Your goal.
The answer is the data repeated in full, with no pictures included.

Supplied material.
§

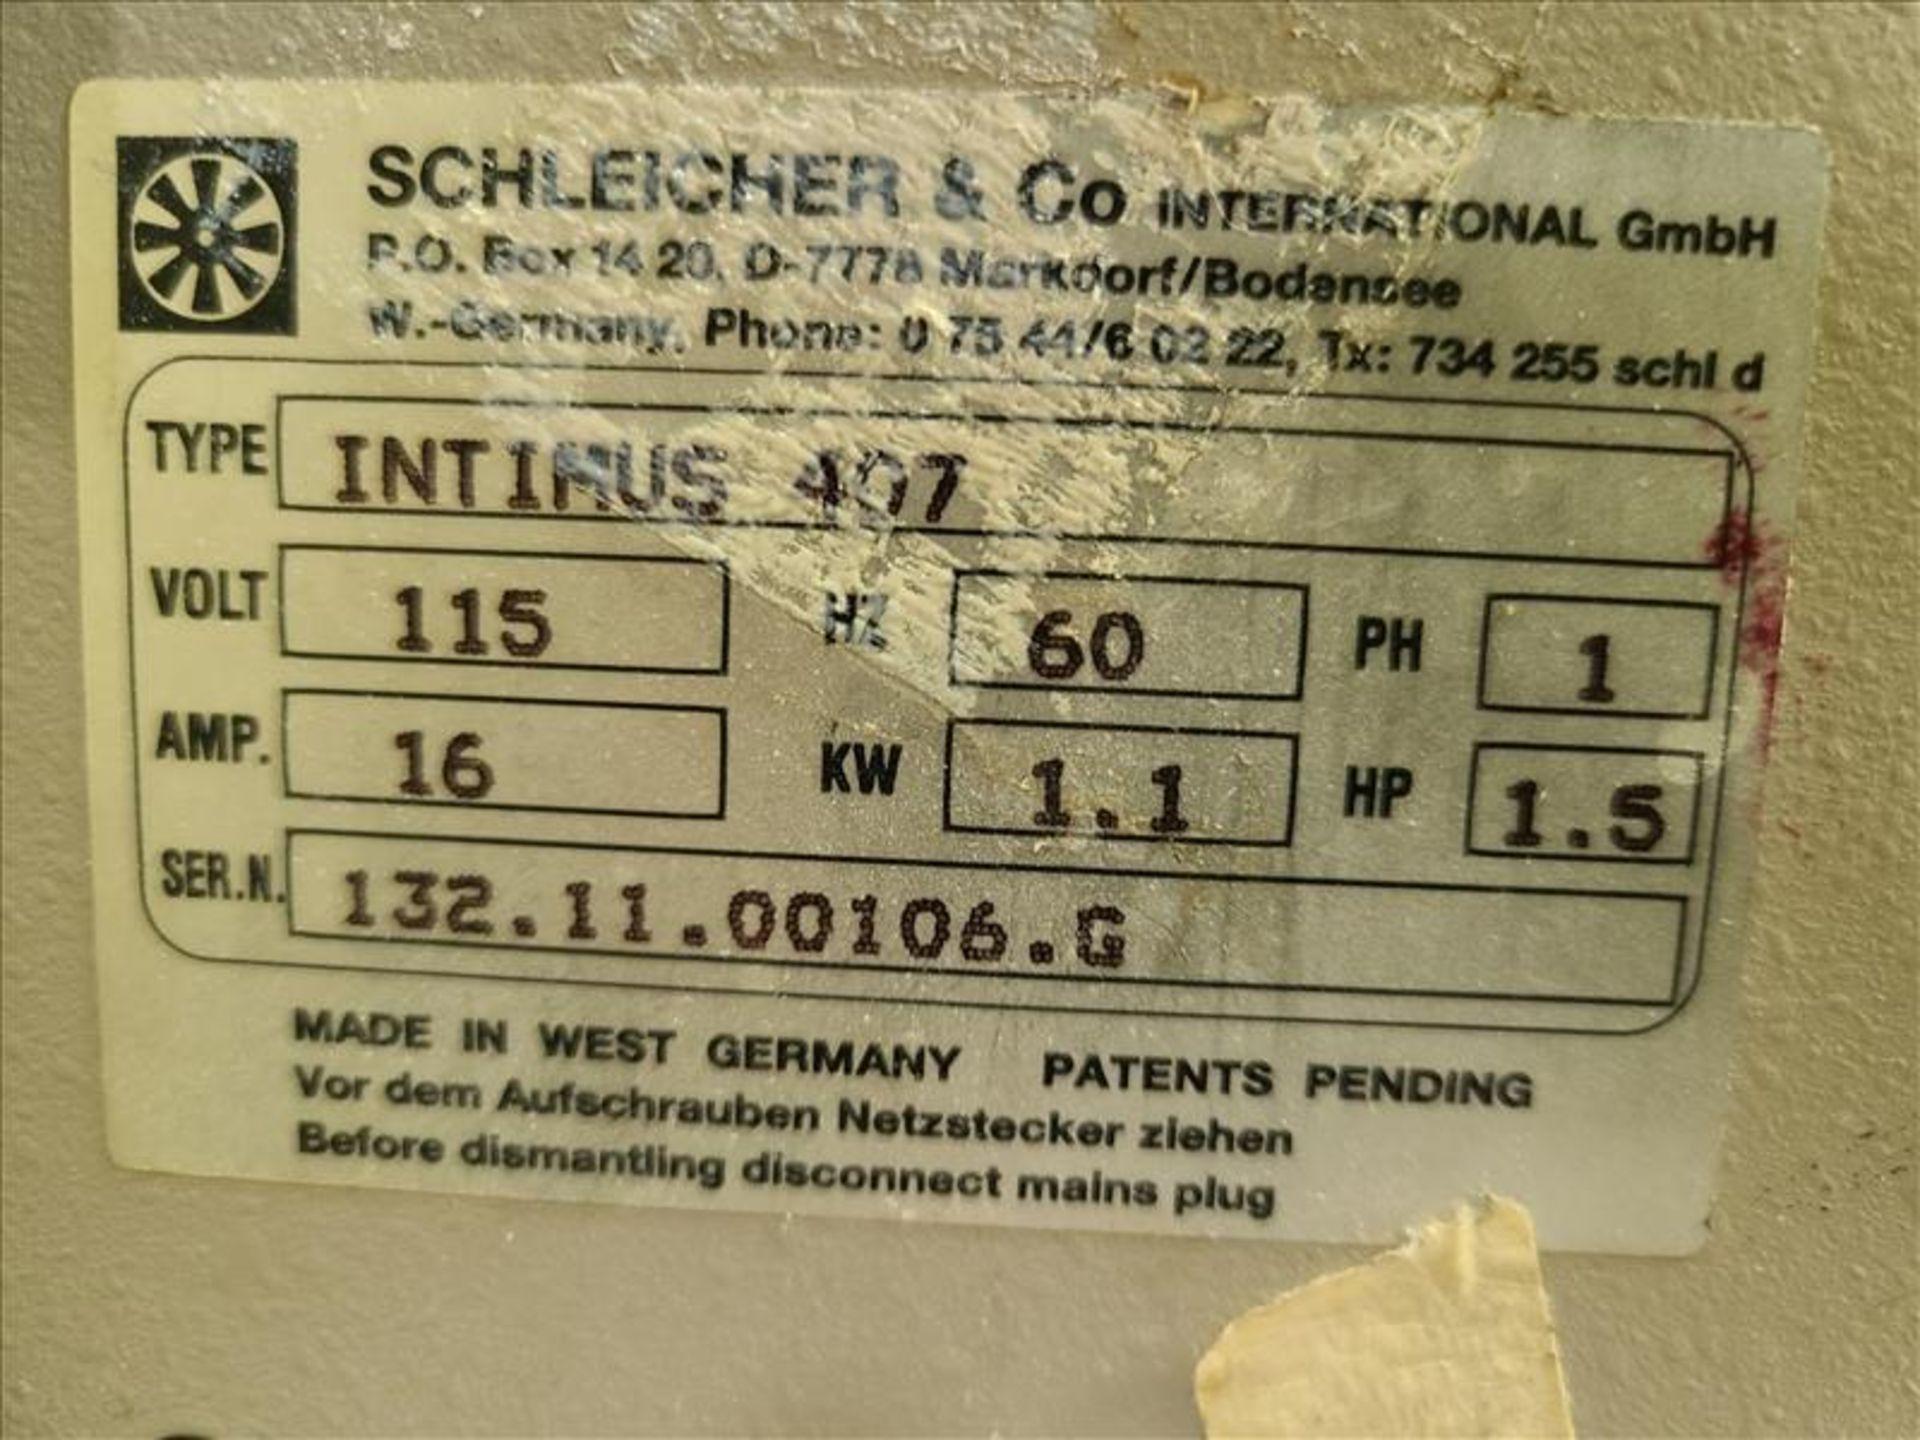 Paper Shredder, model Intimus 407, S/N. 1321100106G, 115V, 60 Hz, 16 amps, 1.5 hp - Image 2 of 2
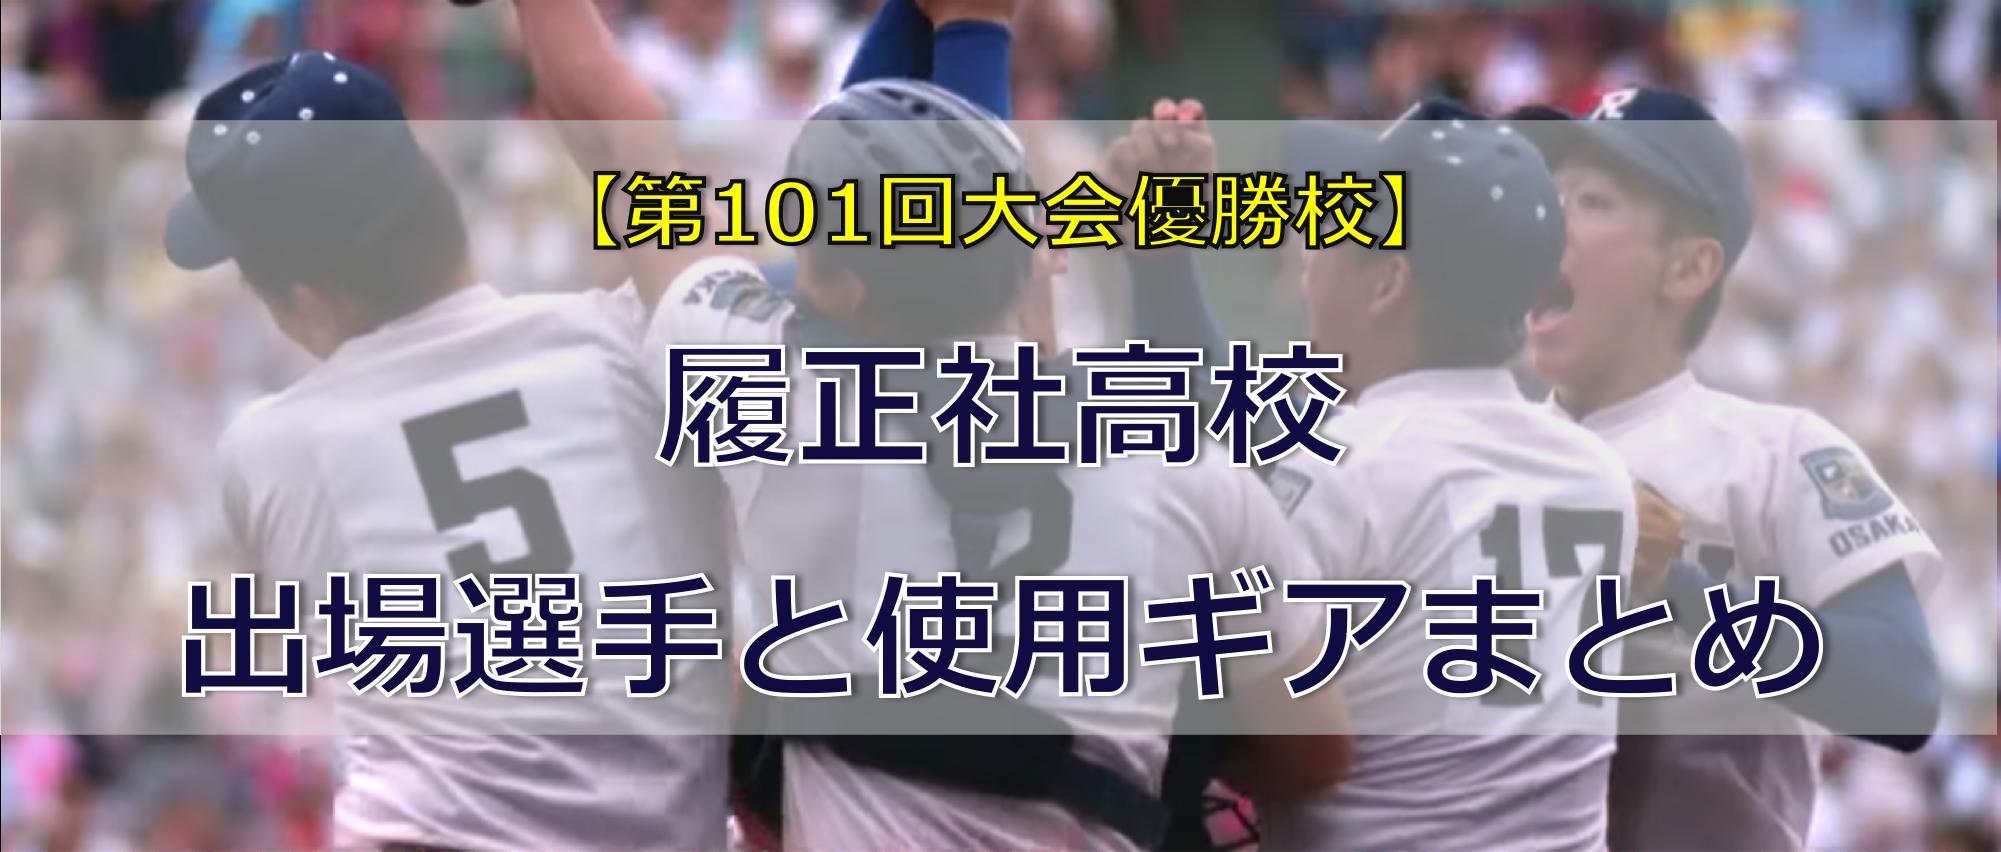 社 メンバー 履正 甲子園
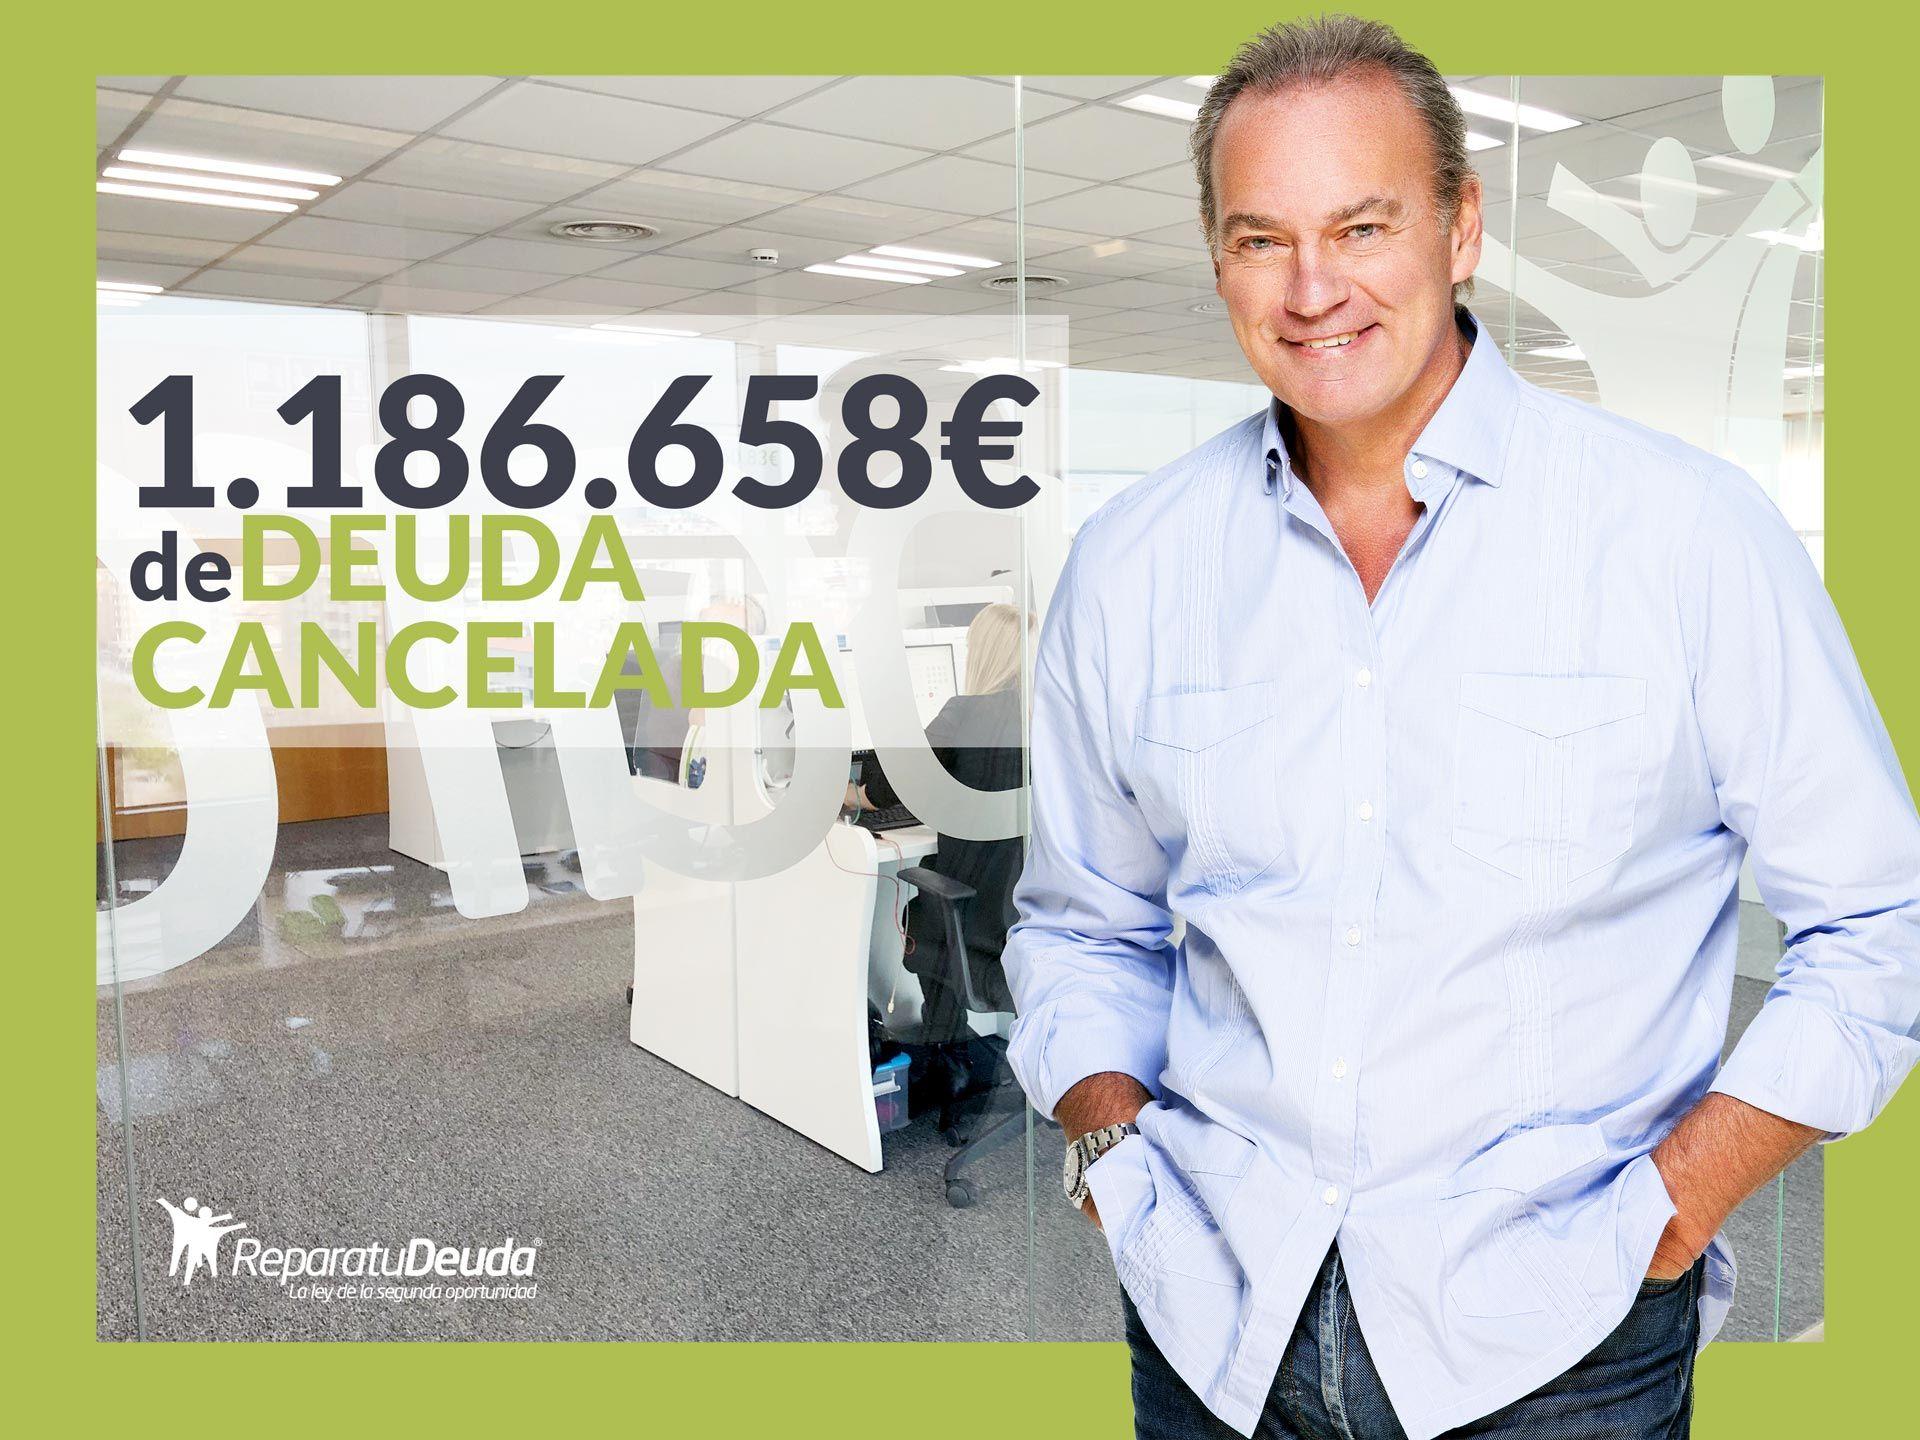 Repara tu Deuda cancela 1.186.658 ? de deuda en Barcelona con la Ley de la Segunda Oportunidad

§

Your response.
 Paper Shredder, model Intimus 407, S/N. 1321100106G, 115V, 60 Hz, 16 amps, 1.5 hp - Image 2 of 2
 社 メンバー 履正 甲子園
 Repara tu Deuda cancela 1.186.658 ? de deuda en Barcelona con la Ley de la Segunda Oportunidad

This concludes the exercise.